[[ RECORDED INFORMATION open ]]

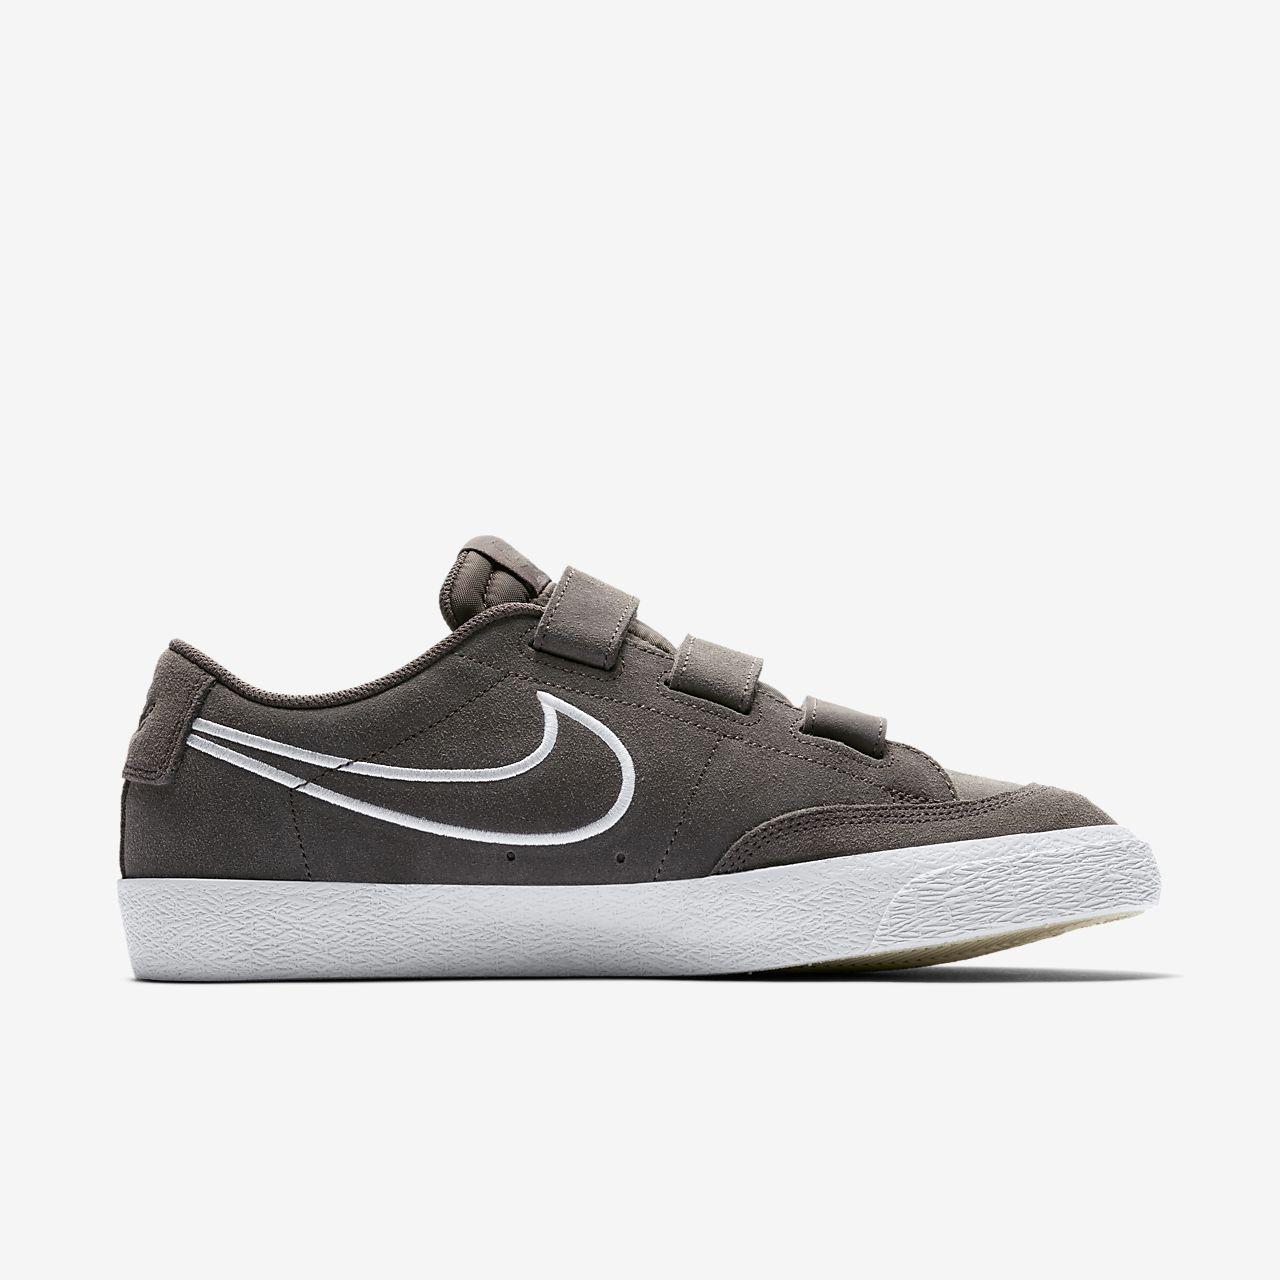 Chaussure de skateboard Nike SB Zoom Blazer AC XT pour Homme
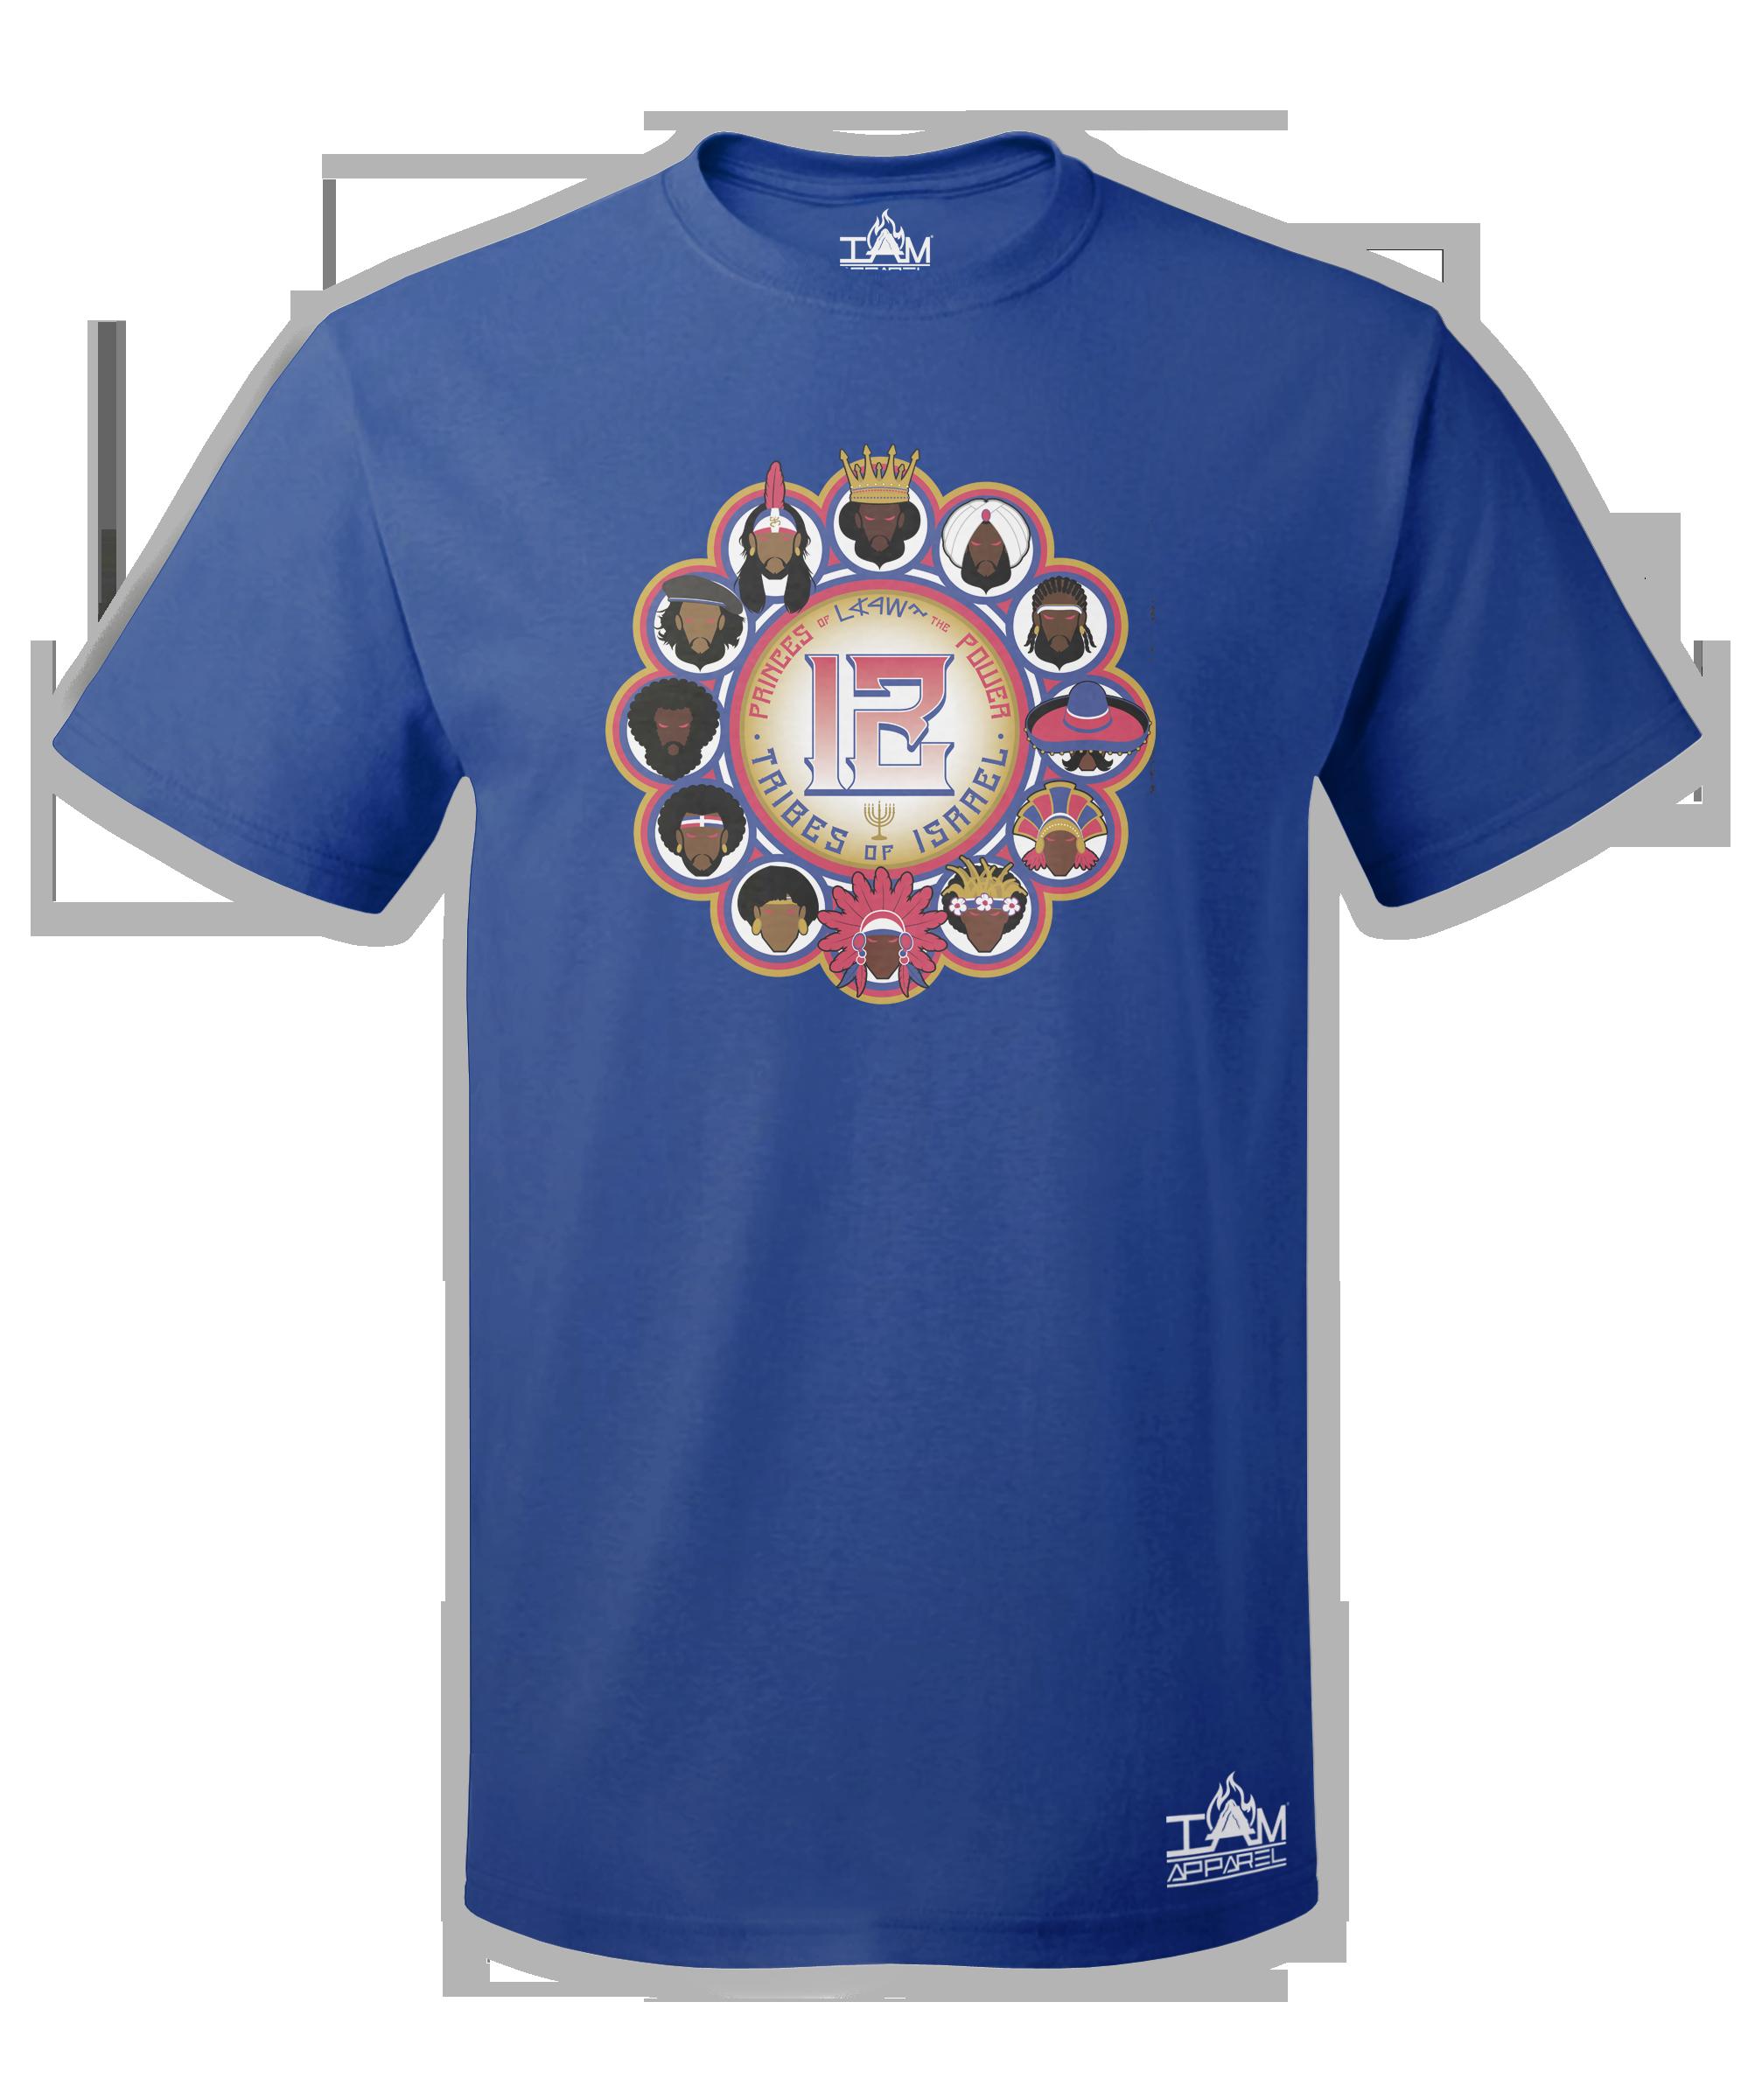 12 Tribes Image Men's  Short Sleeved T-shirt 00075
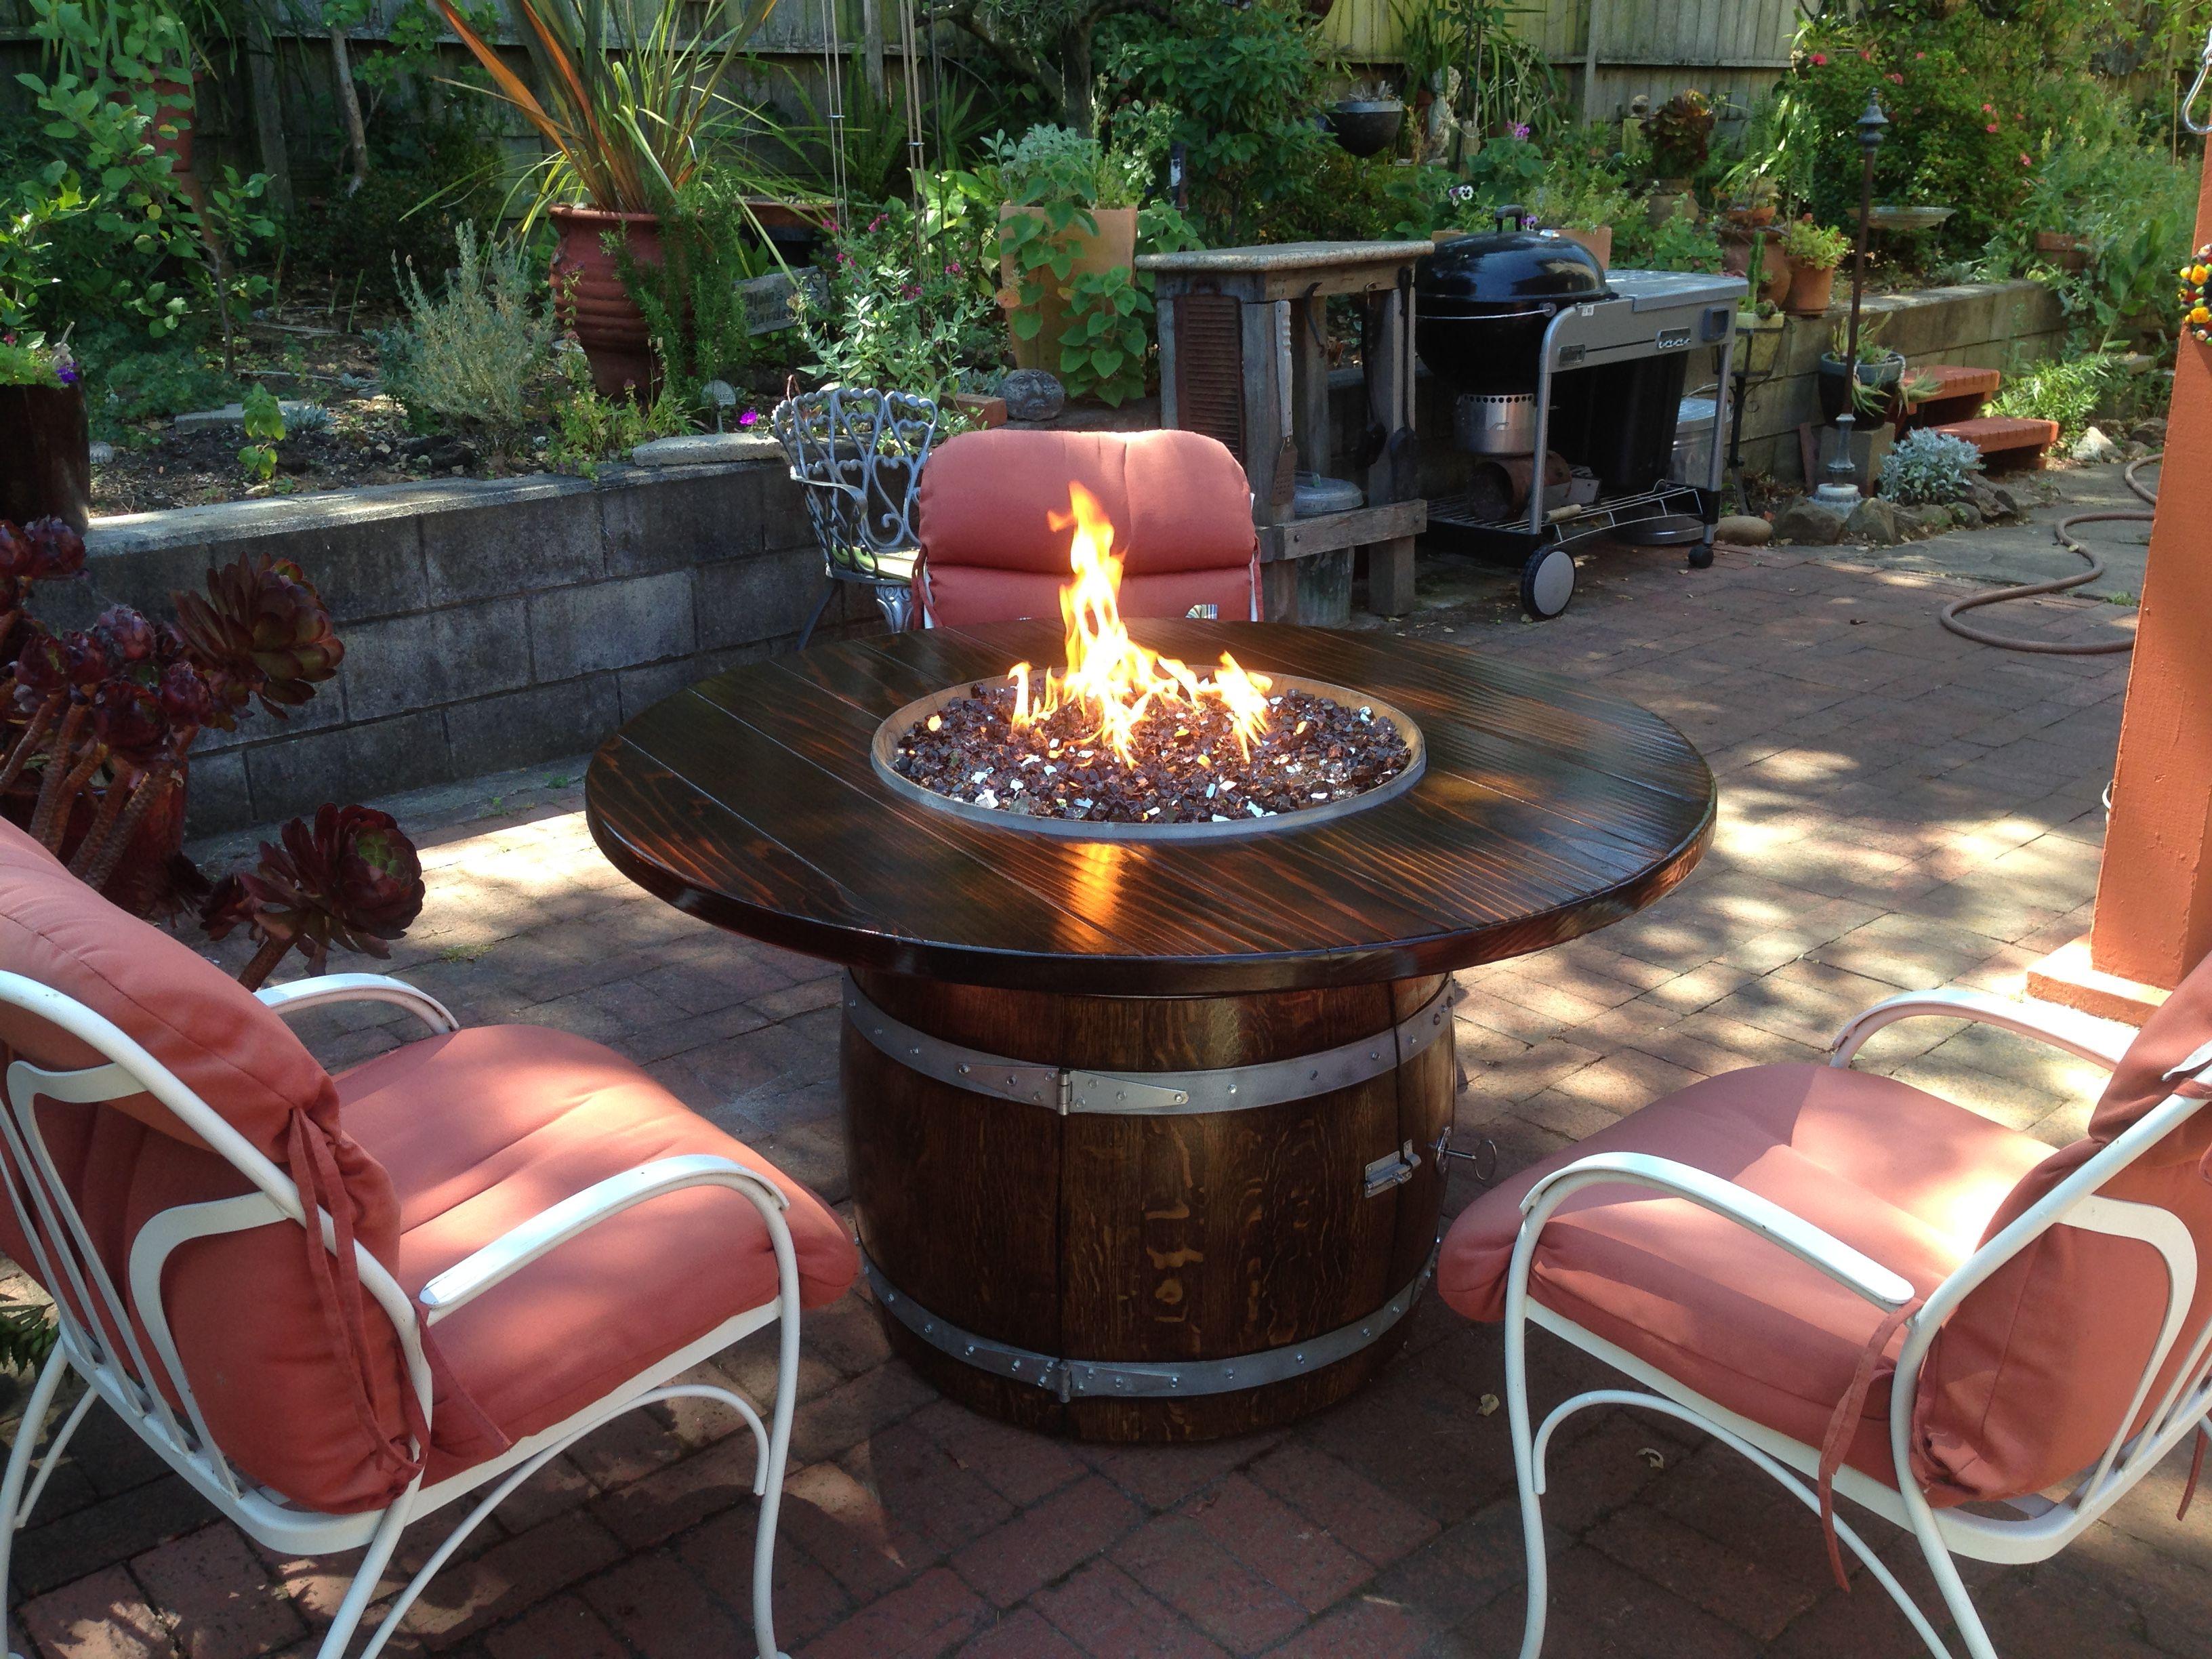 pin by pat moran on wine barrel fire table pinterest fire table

[[ RECORDED INFORMATION closed ]]

● **EXERCISE**: What is needed is every line from the one with "12 Tribes Image" to the final line of the listing above, set down exactly and with the pictures left out.

● **FINAL ANSWER**:
 12 Tribes Image Men's  Short Sleeved T-shirt 00075
 pin by pat moran on wine barrel fire table pinterest fire table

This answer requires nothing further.